== Exercise requirements ==
Write the listing out again word for word. Pictures do not belong in the copy.

== Data block ==
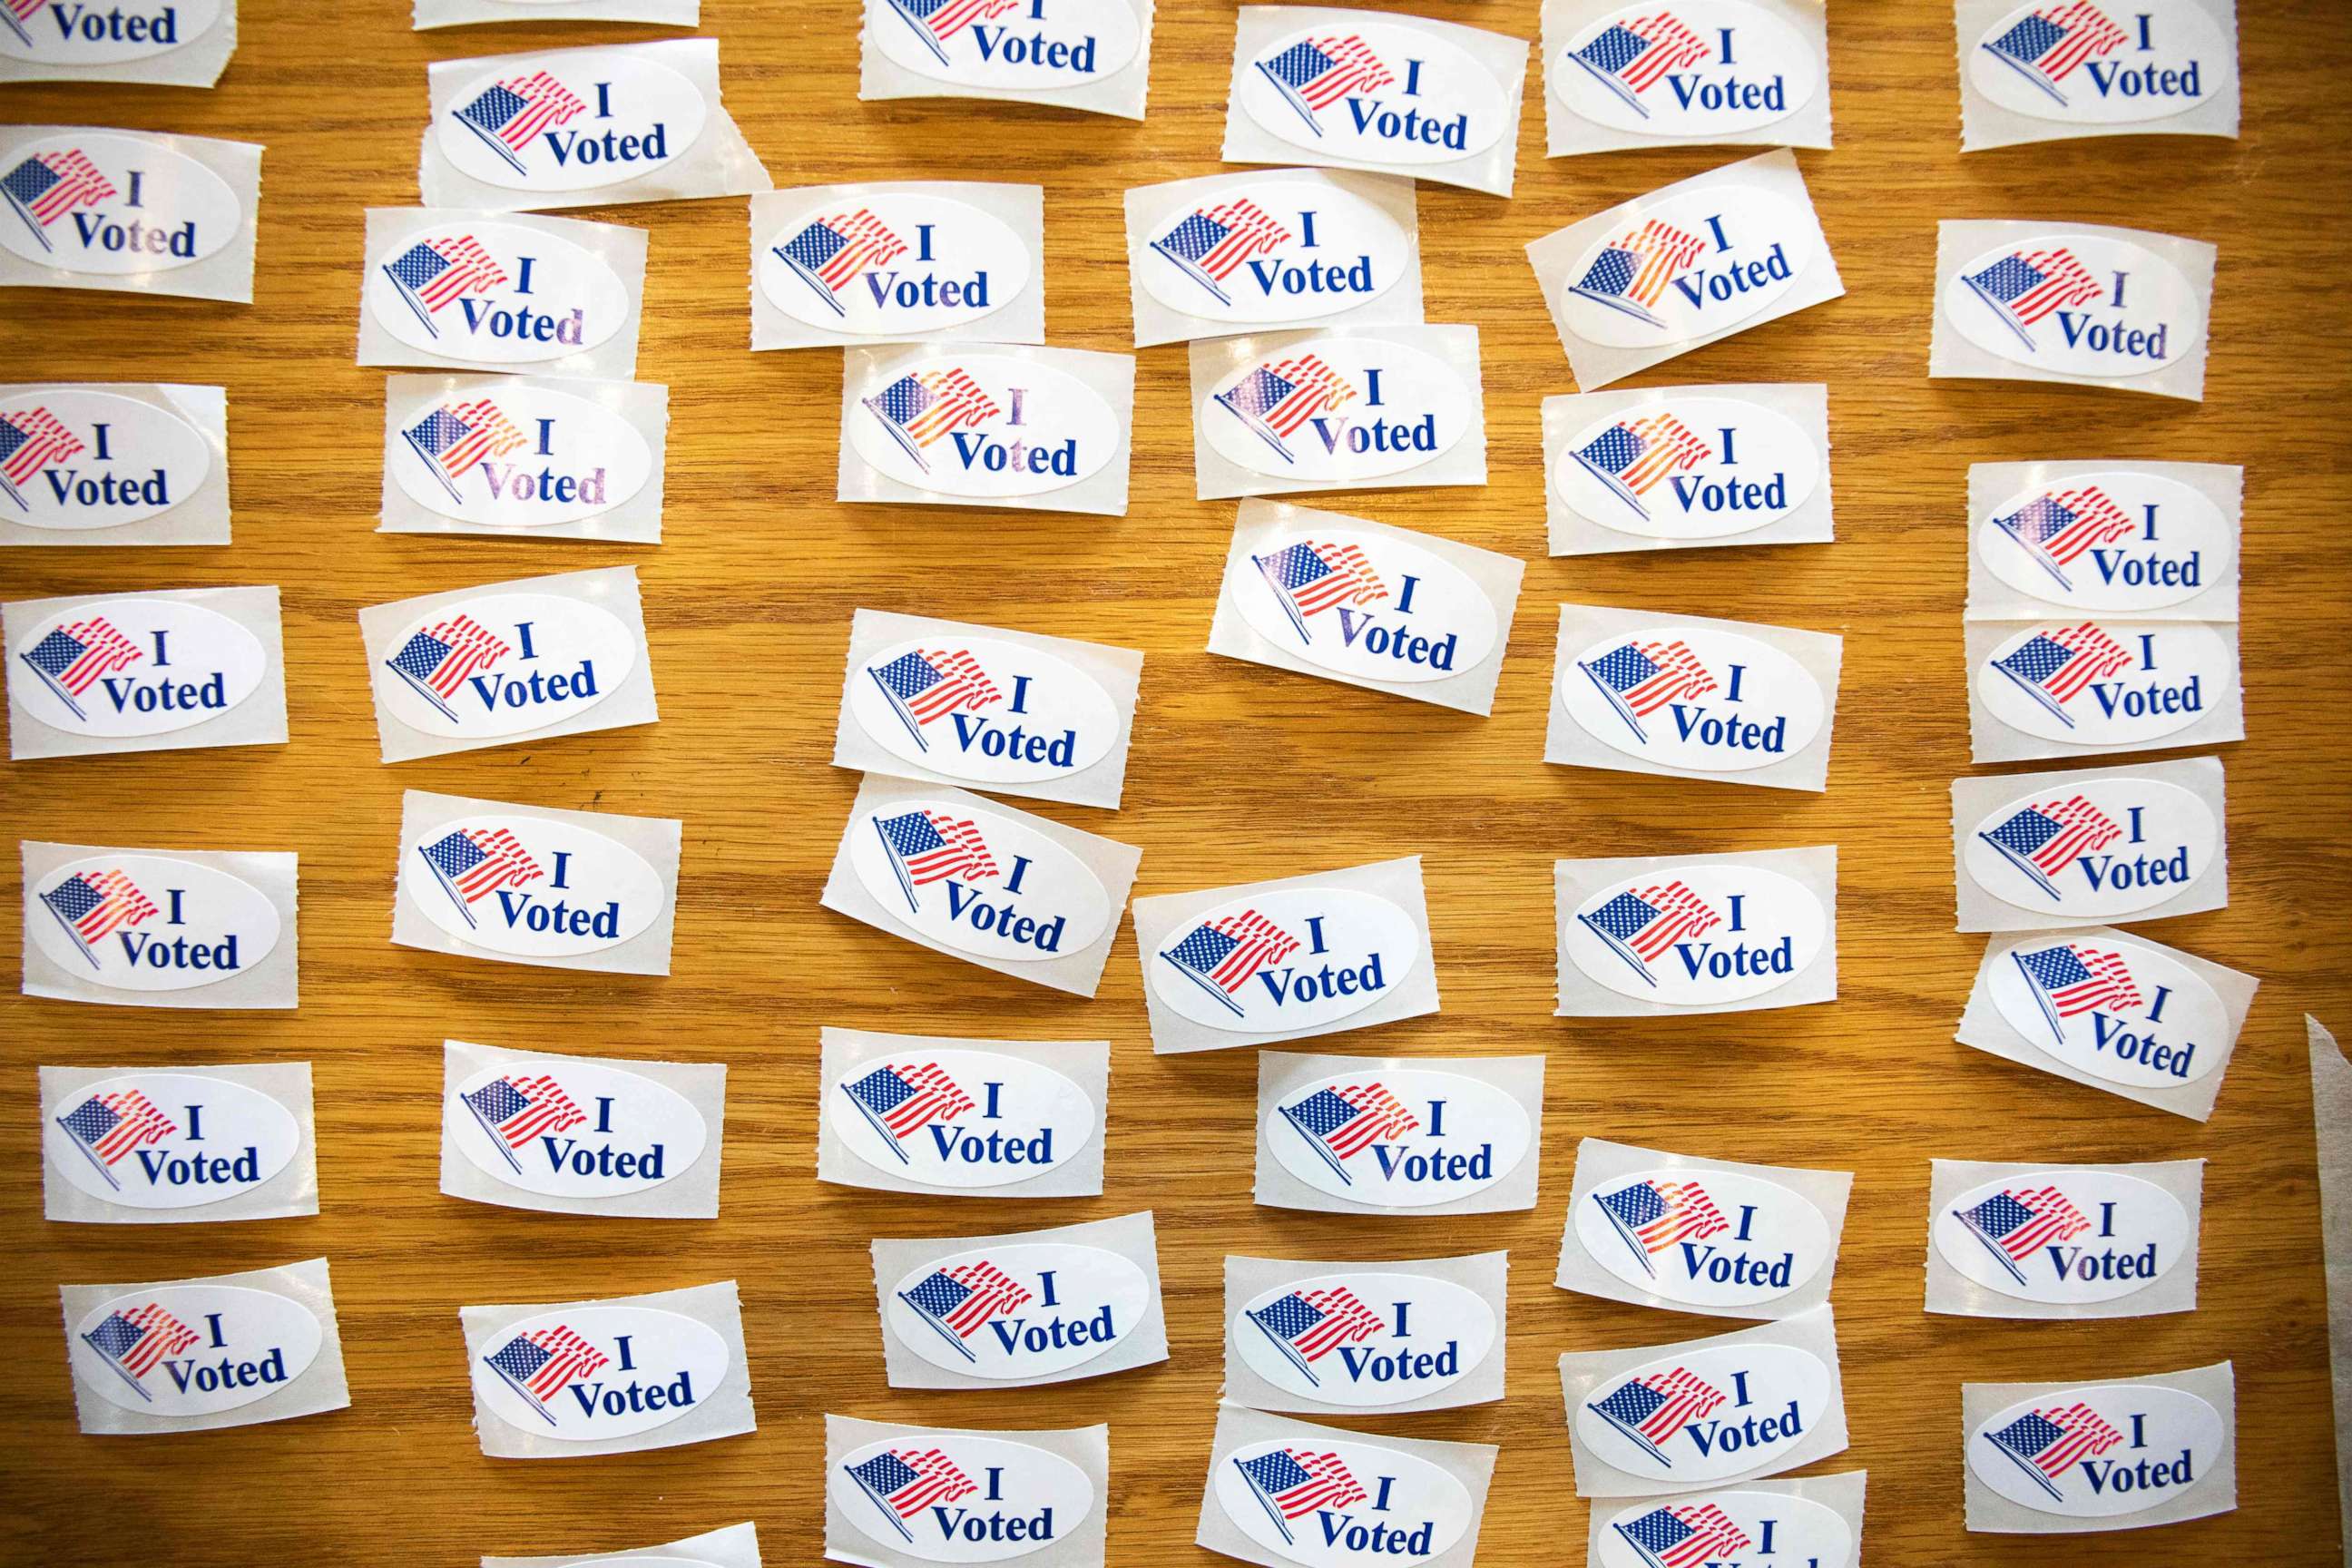 PHOTO: "I Voted" stickers cover a table at a polling station during the North Carolina primary on Super Tuesday in Charlotte, N.C. on March 3, 2020.
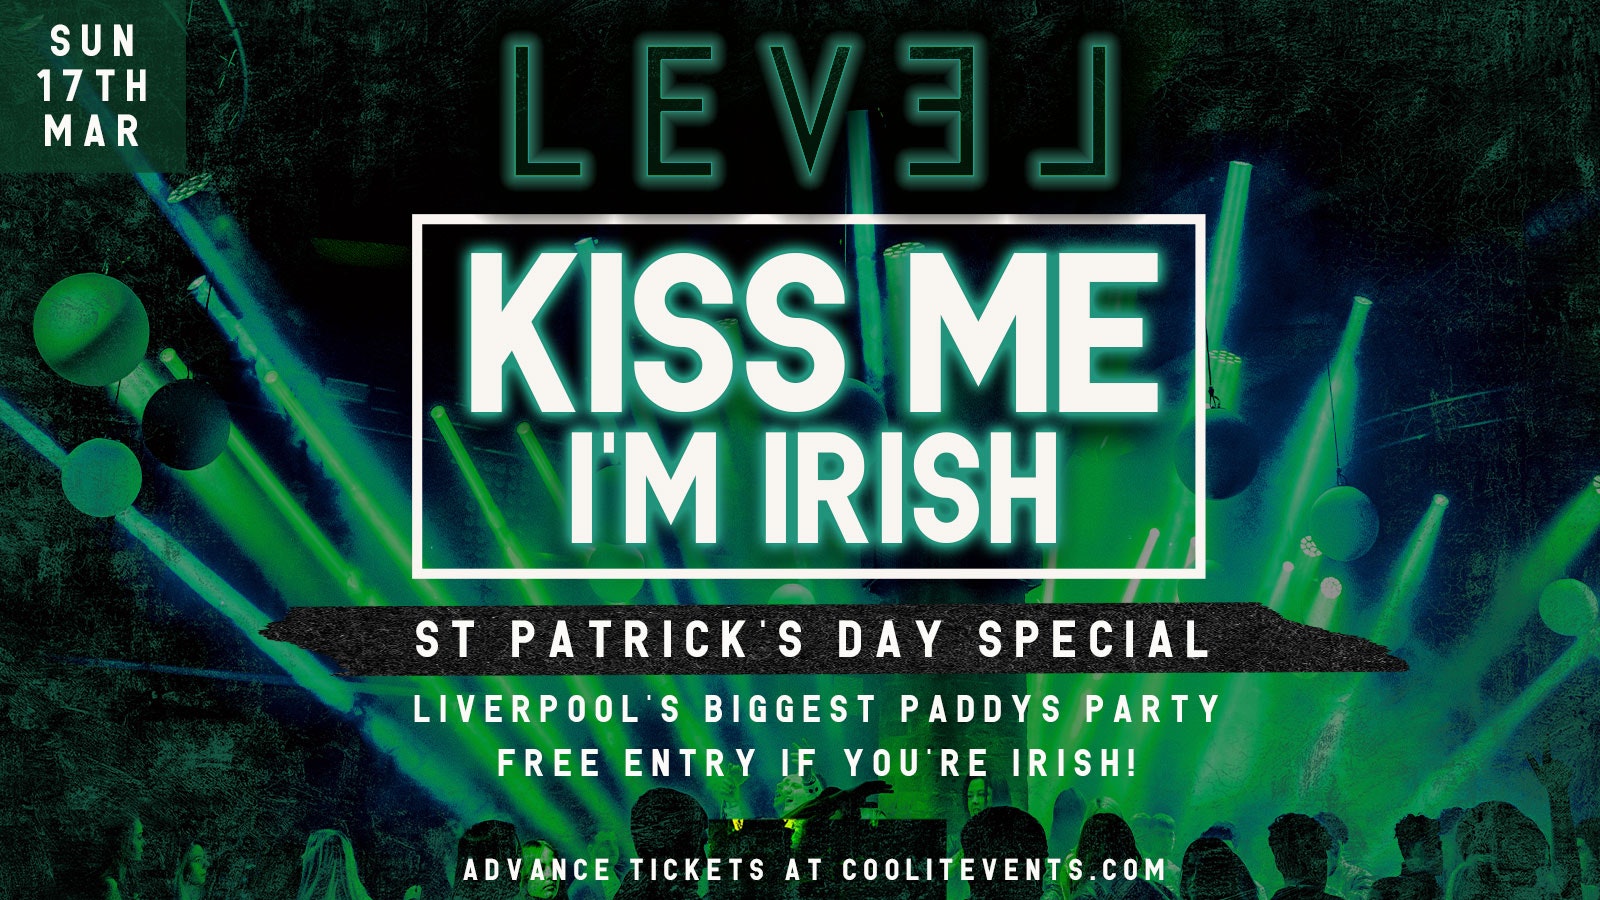 Kiss Me I’m Irish – Paddy’s Day Special! FREE ENTRY if you’re Irish
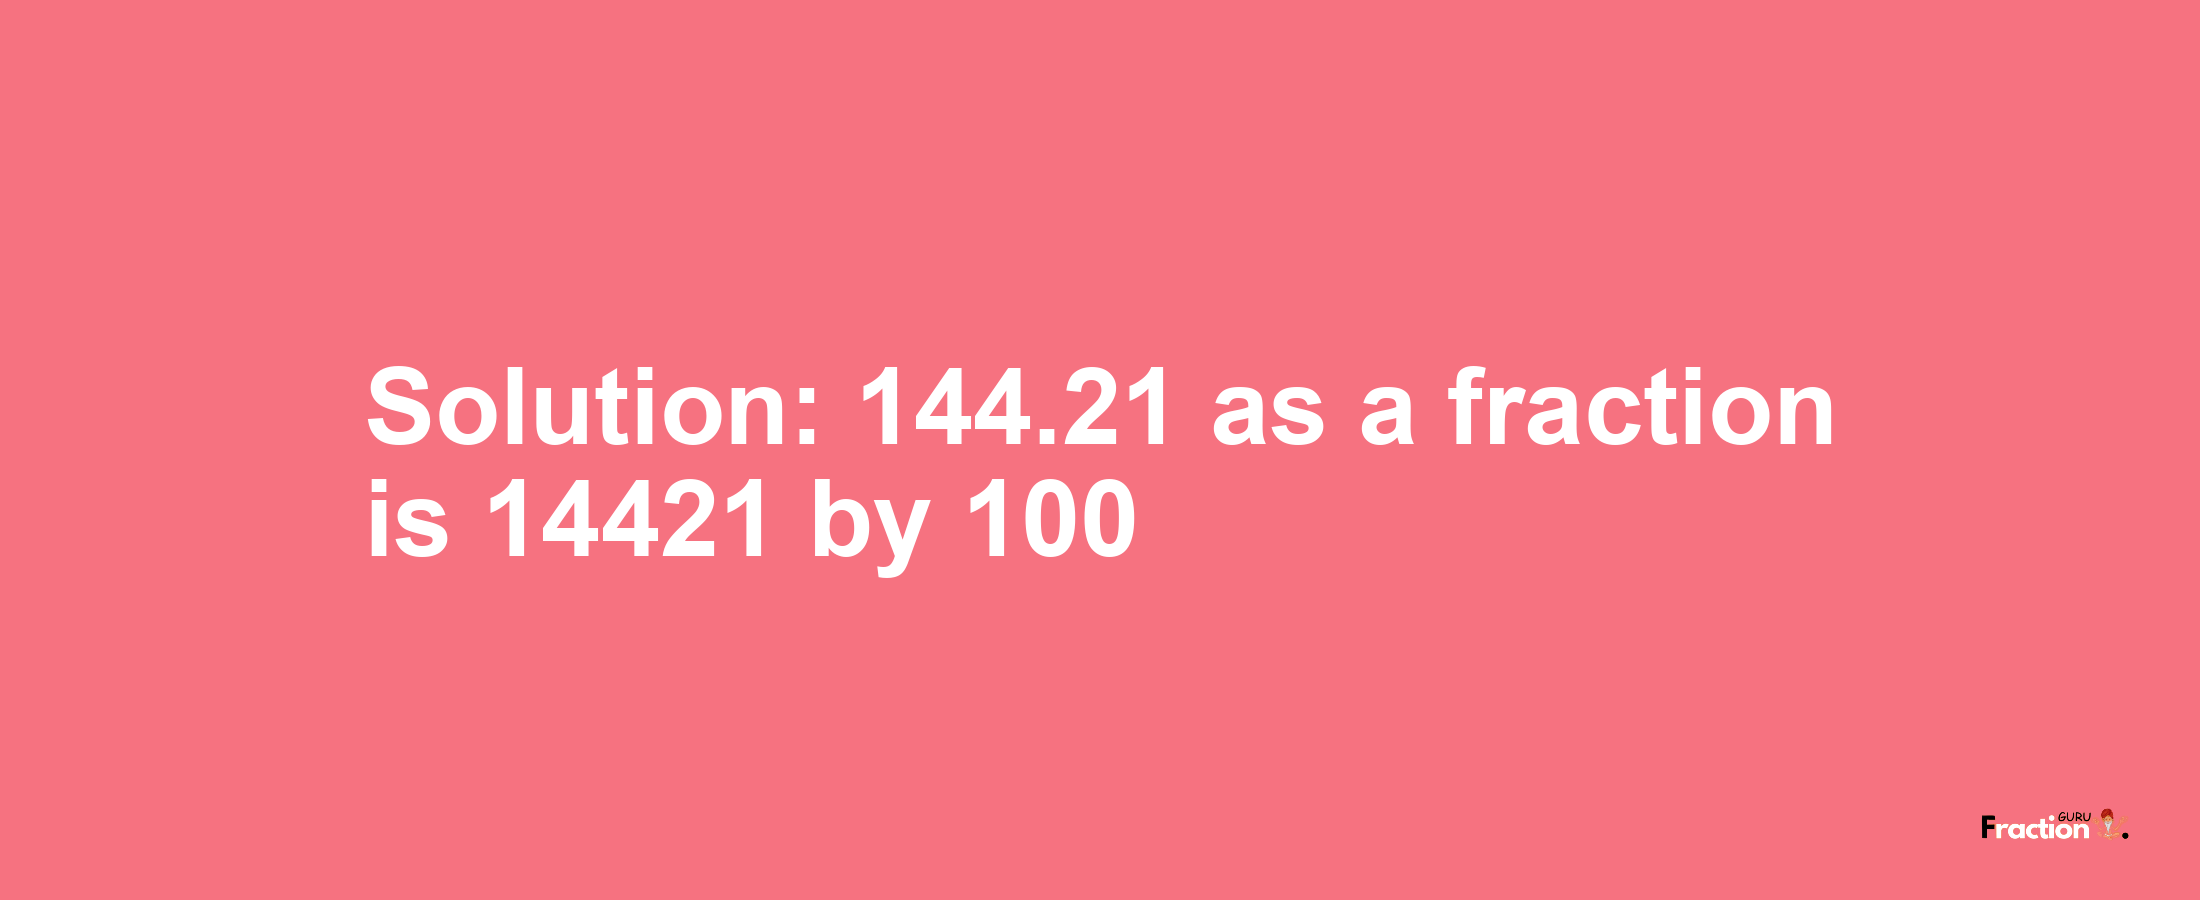 Solution:144.21 as a fraction is 14421/100

== Result for this task ==
 PHOTO: "I Voted" stickers cover a table at a polling station during the North Carolina primary on Super Tuesday in Charlotte, N.C. on March 3, 2020.
 Kiss Me I’m Irish – Paddy’s Day Special! FREE ENTRY if you’re Irish
 Solution:144.21 as a fraction is 14421/100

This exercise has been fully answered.